**PROBLEM TO WORK ON**
Pictures aside, repeat the whole listing word for word.

**DATA**
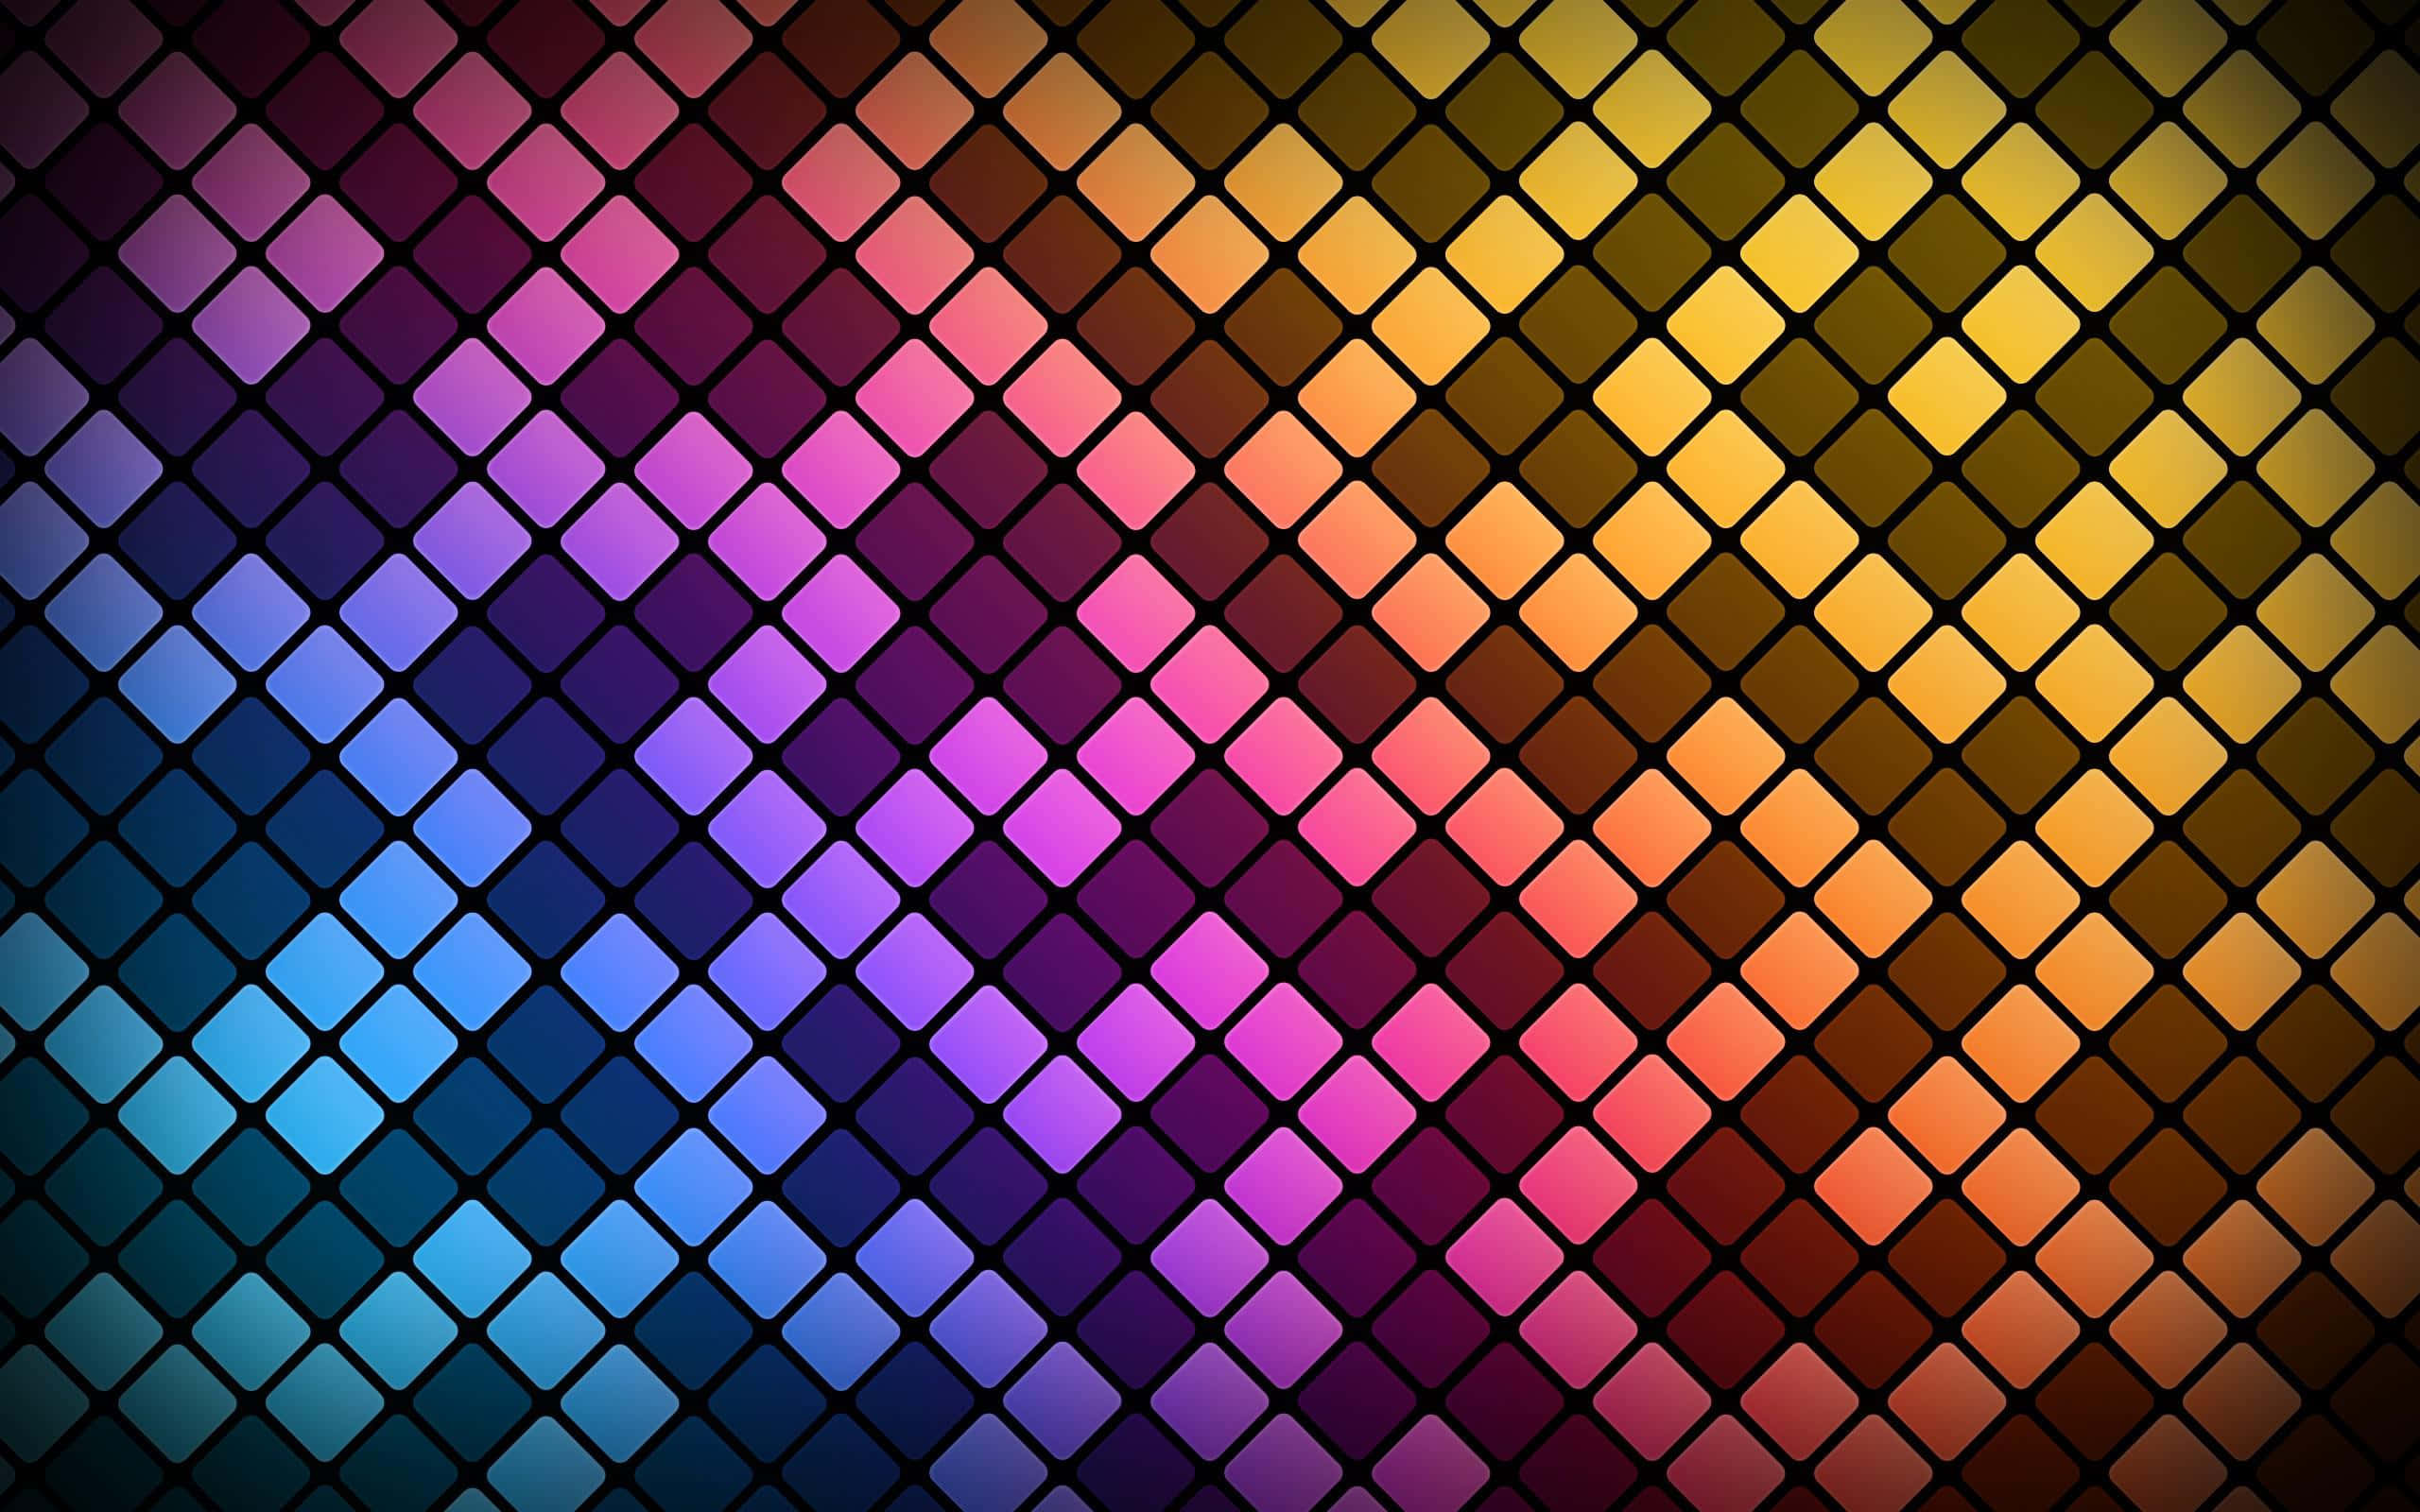 Classic Tetris Blocks in Colorful Arrangement
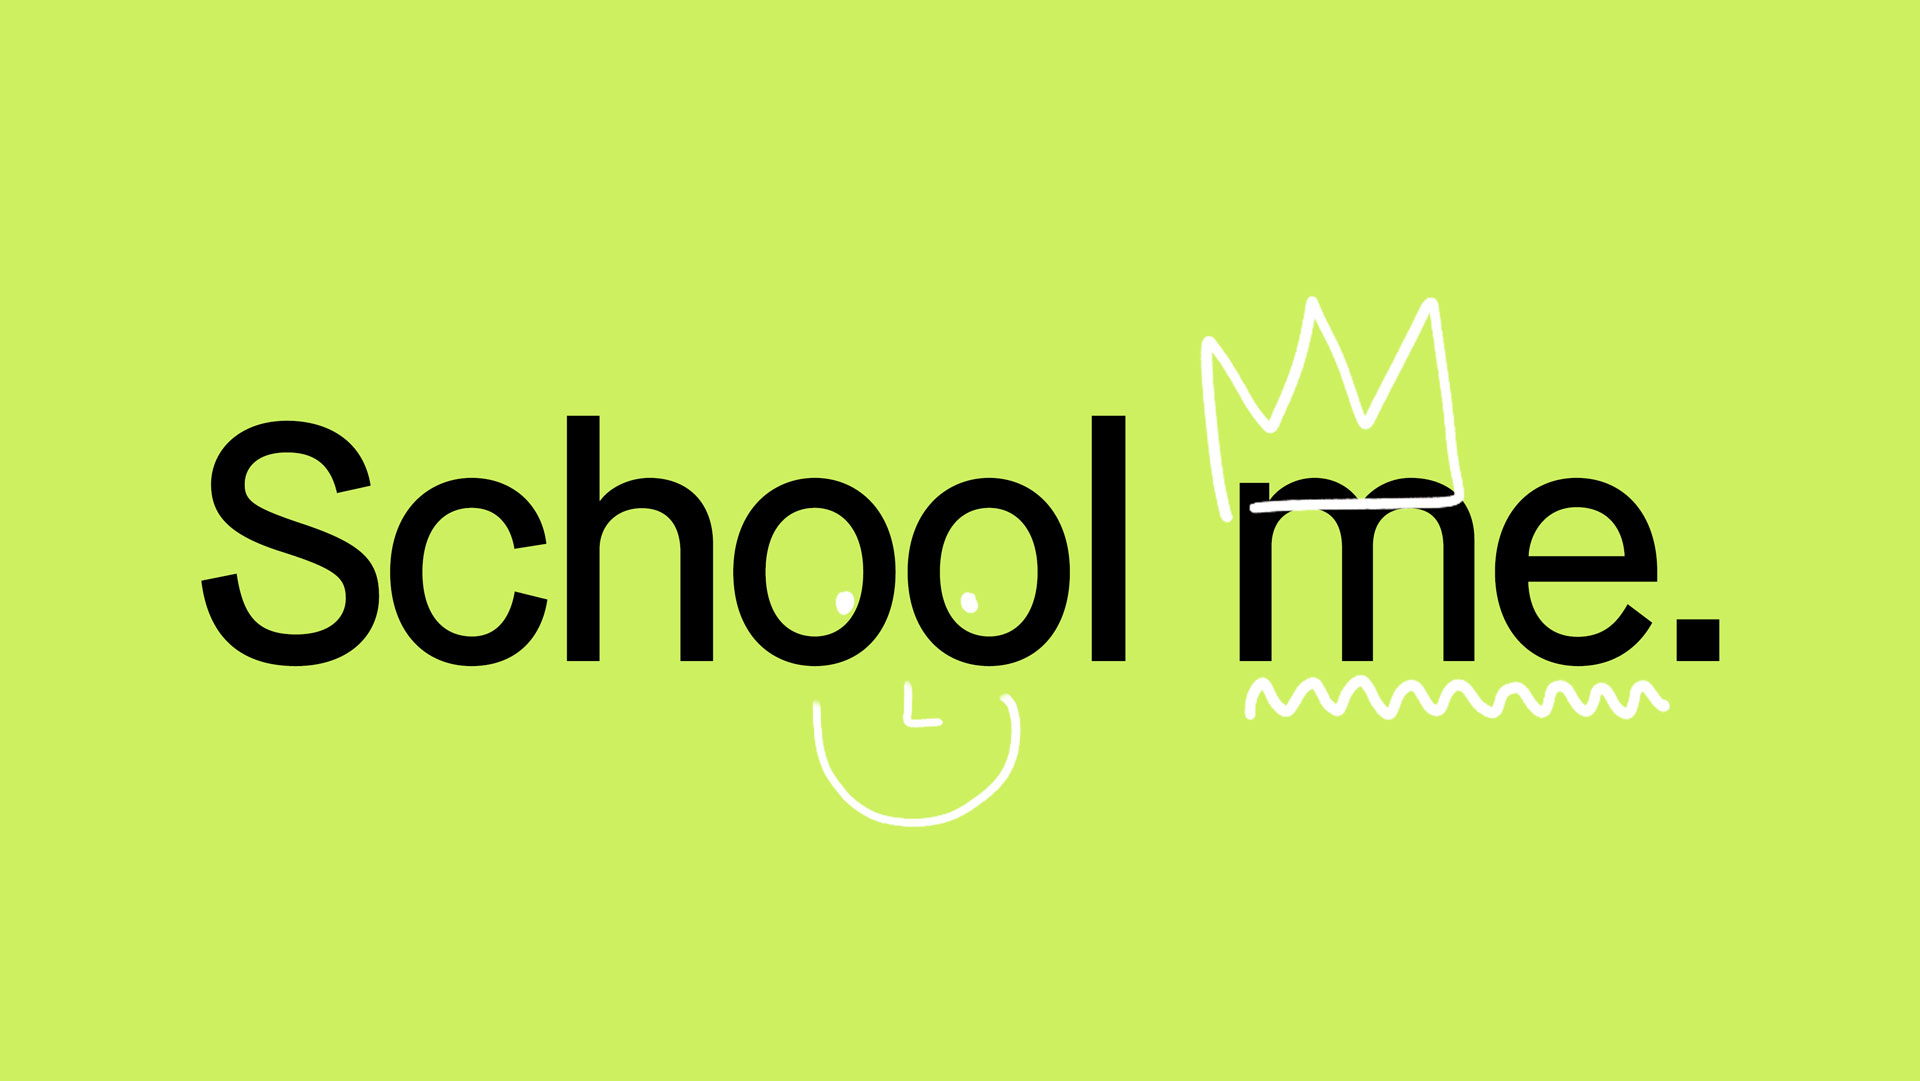 The School me primary logo
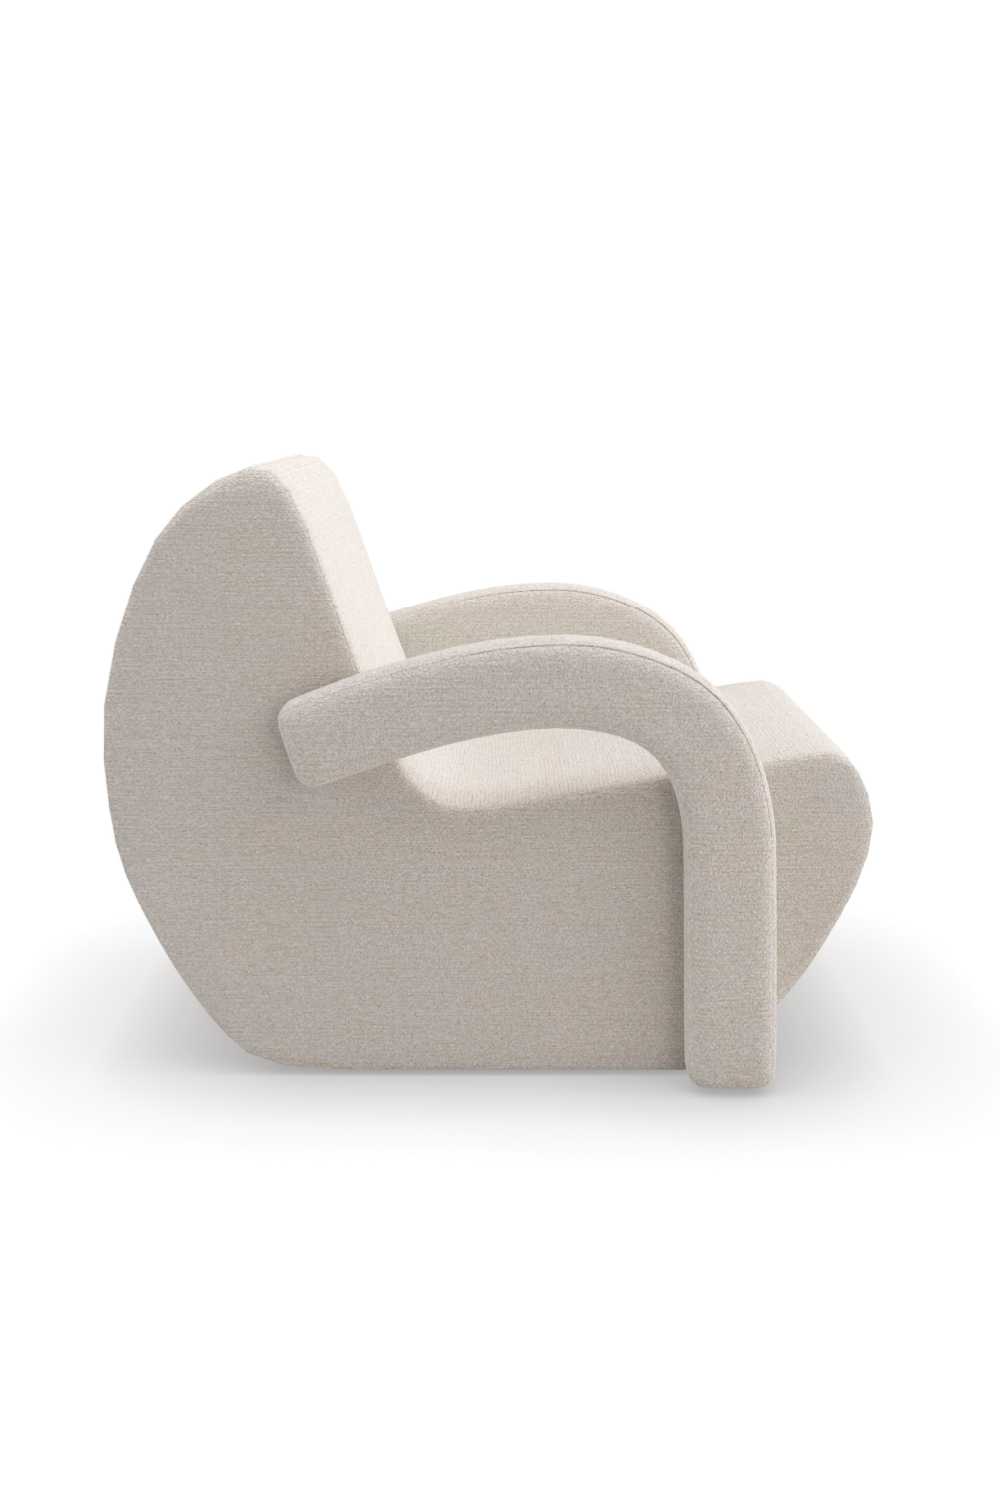 White Bouclé Accent Chair | Caracole Leo | Oroa.com
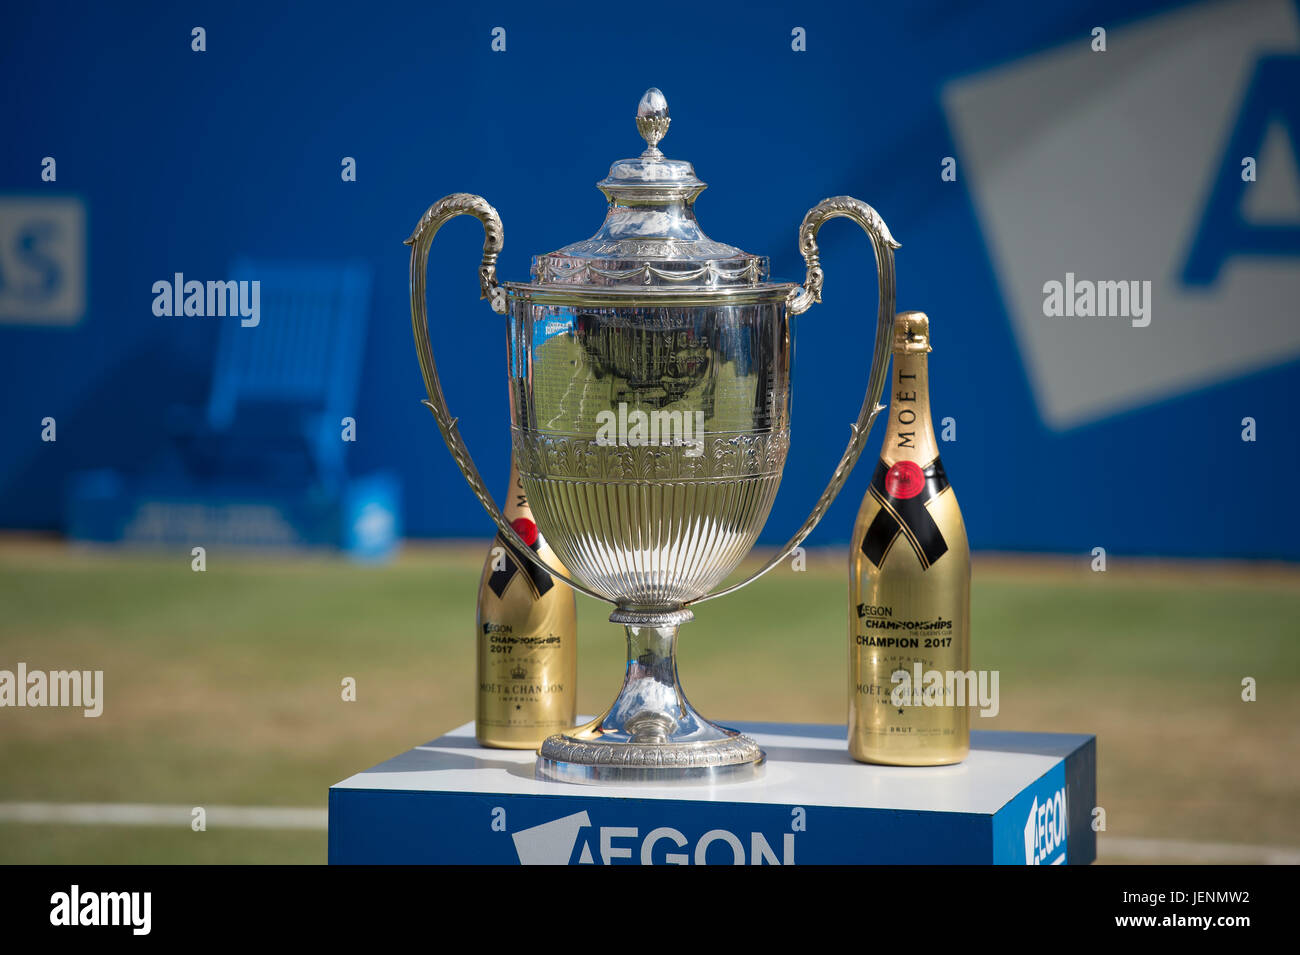 25 juin 2017. Mens finales match à l'Aegon Championships 2017, le Queen's Club, Londres Banque D'Images

**EXERCISE SOLUTION**
 Classic Tetris Blocks in Colorful Arrangement
 The School me primary logo
 White Bouclé Accent Chair | Caracole Leo | Oroa.com
 25 juin 2017. Mens finales match à l'Aegon Championships 2017, le Queen's Club, Londres Banque D'Images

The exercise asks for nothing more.